When Windows 11 arrives later this year, there’ll be plenty of different versions to choose from. In fact, we’re expecting as many as seven, all with a specific purpose.
This is according to a listing from the Bluetooth SIG (Special Interest Group), who are responsible for the implementation of Bluetooth standards globally. Microsoft is a member of this group, so this can be seen as confirmation of seven Windows 11 versions.
It’s unusual to see an operating system listed there at such an early stage, but it could be an indicator that recent rumours are true. They suggest a final version of Windows 11 will be available to members of the Windows Insider Program as soon as October 2021, with new hardware running the OS coming to the market soon after. We’ll have to wait and see whether that turns out to be true.
The seven flavours of Windows 11
According to the aforementioned Bluetooth SIG listing, the following major versions of Windows 11 are in the works:
Windows 11 Home
Windows 11 Pro
Windows 11 Pro Education
Windows 11 Pro for Workstations
Windows 11 Enterprise
Windows 11 Education
Windows 11 Mixed Reality
However, that may just be the start. A separate listing on the same website mentions a total of 15 variants, although it’s not clear if all these will come to market. In reality, most people will be using Windows 11 Home or the regular version of Pro, but it’s good to see Microsoft catering to all its potential customers.
How will the versions of Windows 11 differ?
That’s something we’re not entirely sure about. So far, Microsoft has only officially commented on Windows 11 Home and Pro variants. The main reason for this is popularity, with these two expected to be the versions used by most people upgrading.

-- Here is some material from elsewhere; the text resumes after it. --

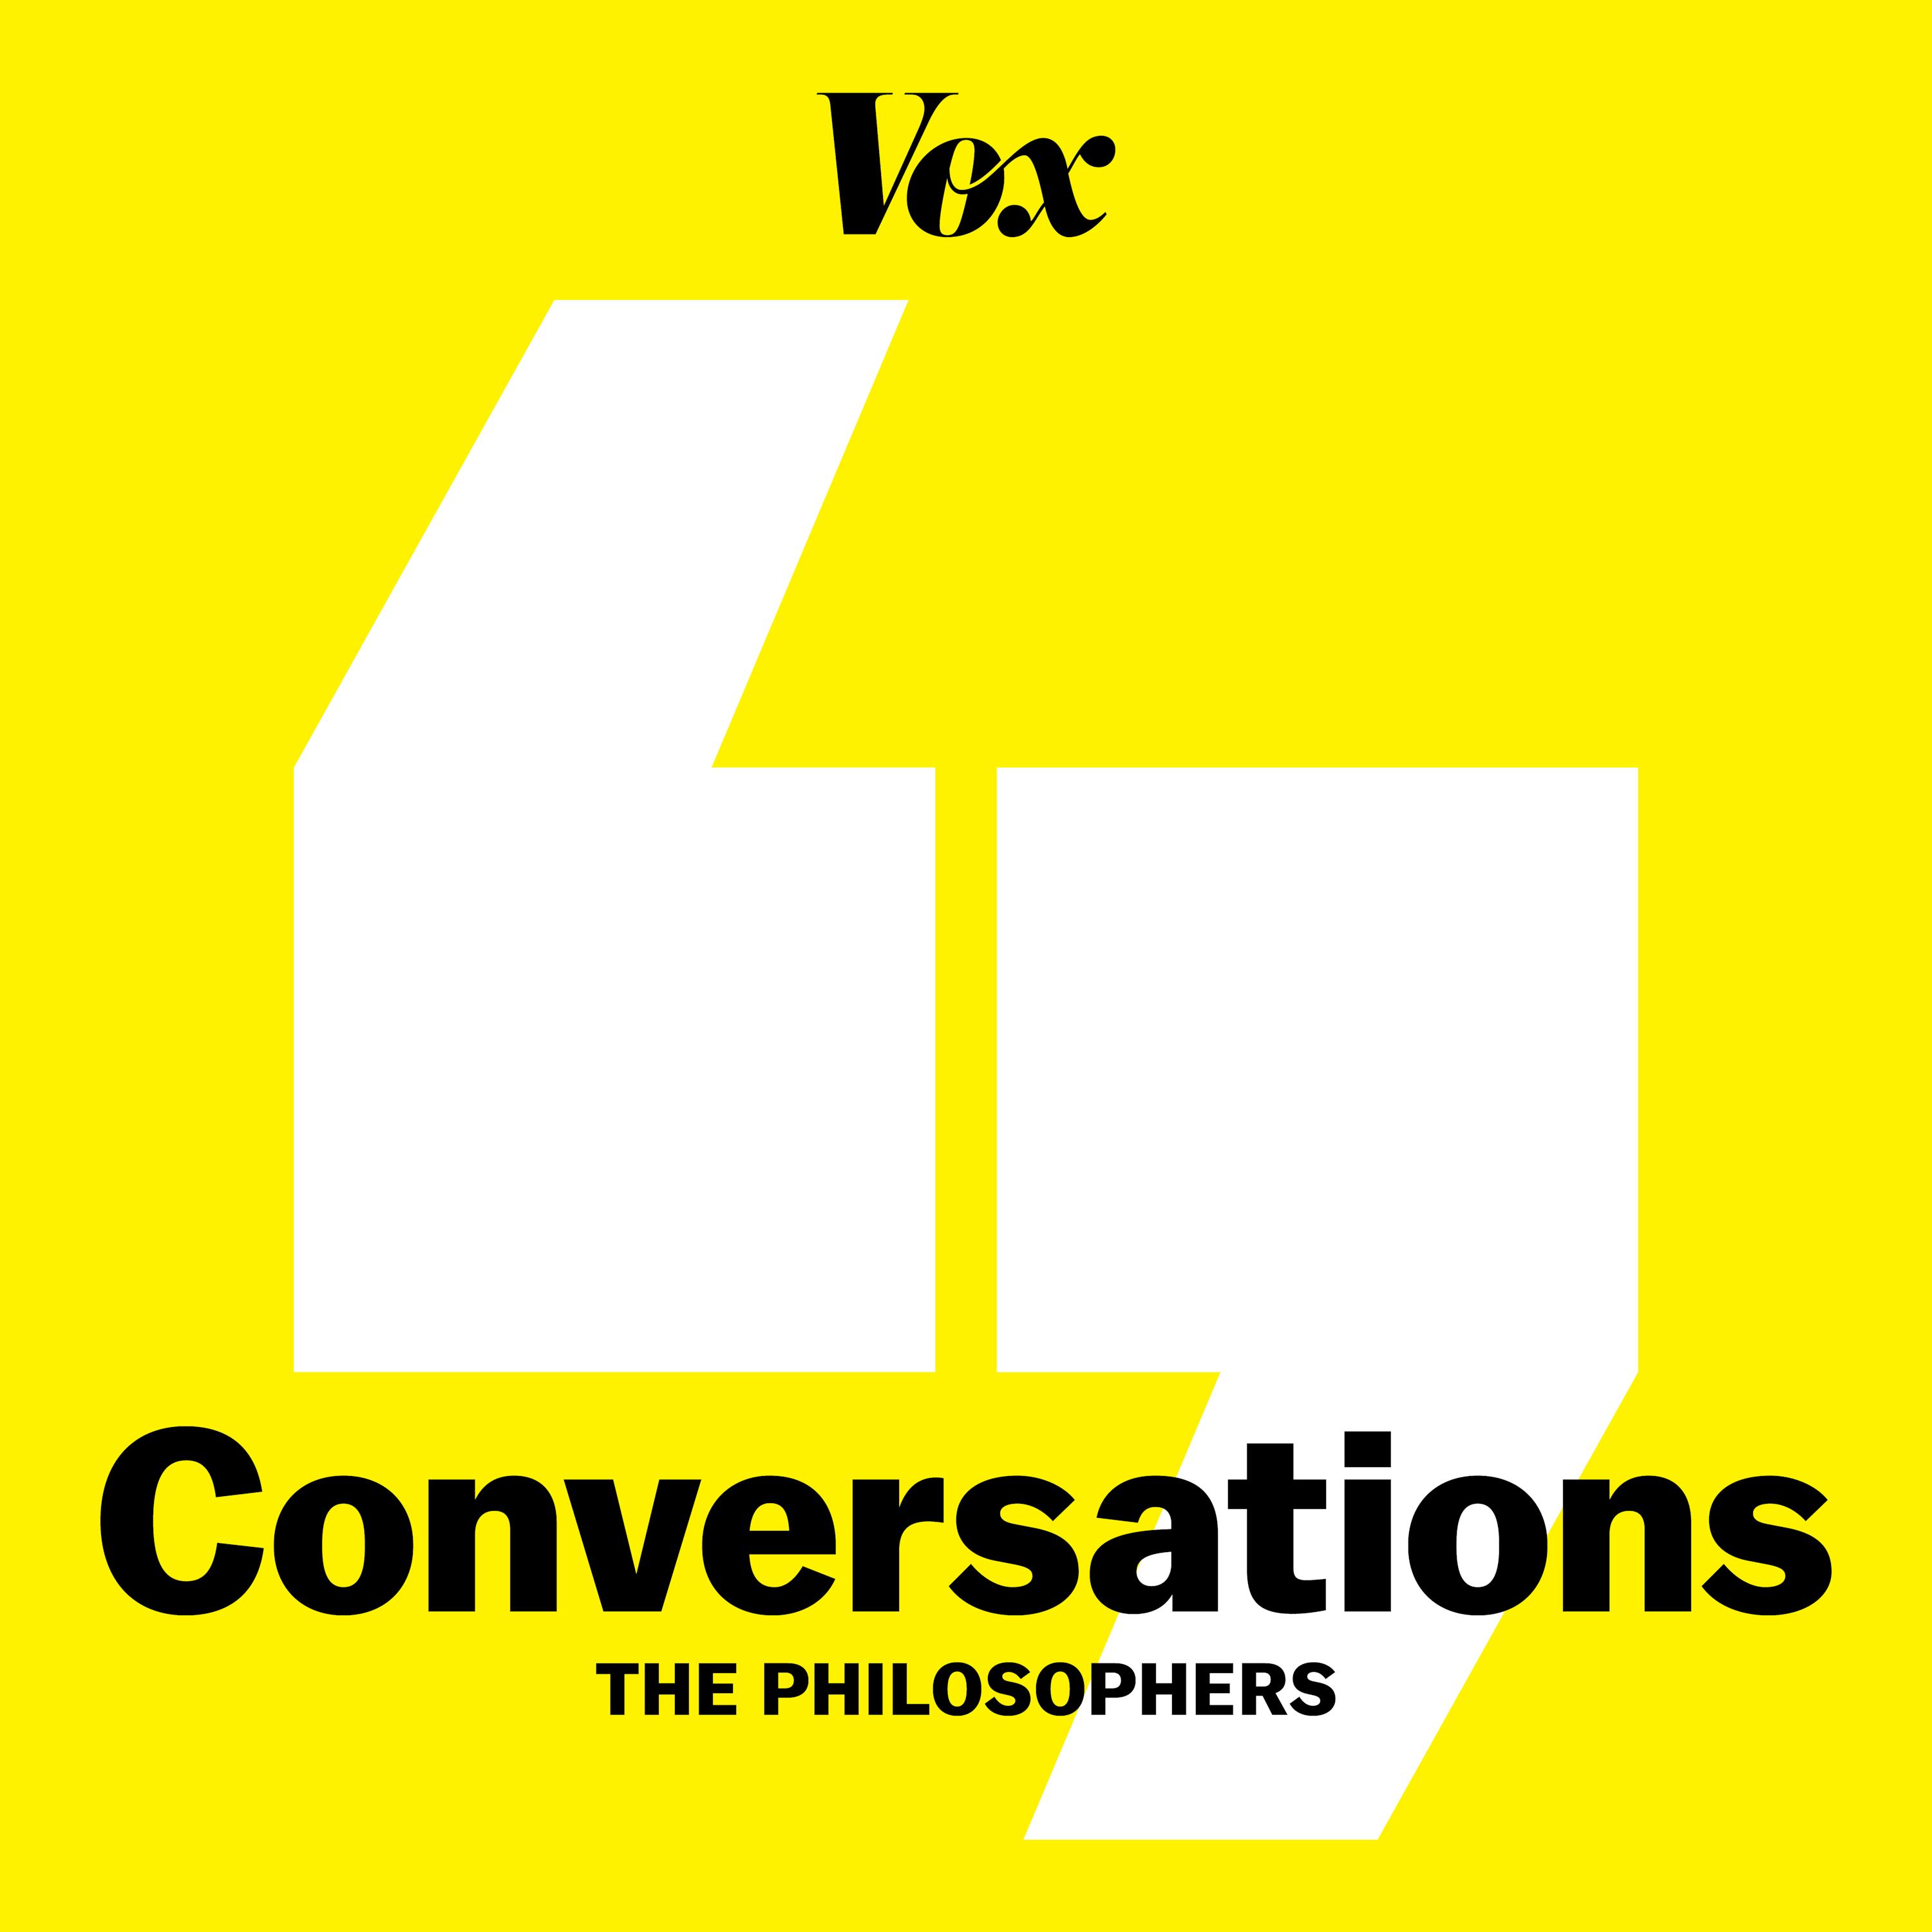 The Philosophers: America's philosophy, with Cornel West

There will likely be a few extra features in Windows 11 Pro, but we do already know that Windows 11 Home will require a Microsoft account during the setup process. Previously, this could be completed using a local account, which is still the case for Windows 11 Pro.
While the Bluetooth SIG is a very credible source, Microsoft itself hasn’t said anything about the total number of Windows 11 versions and when they’ll be available. However, we can safely assume it’ll be a similar situation to Windows 10 – expect only subtle differences between each, to suit their target market.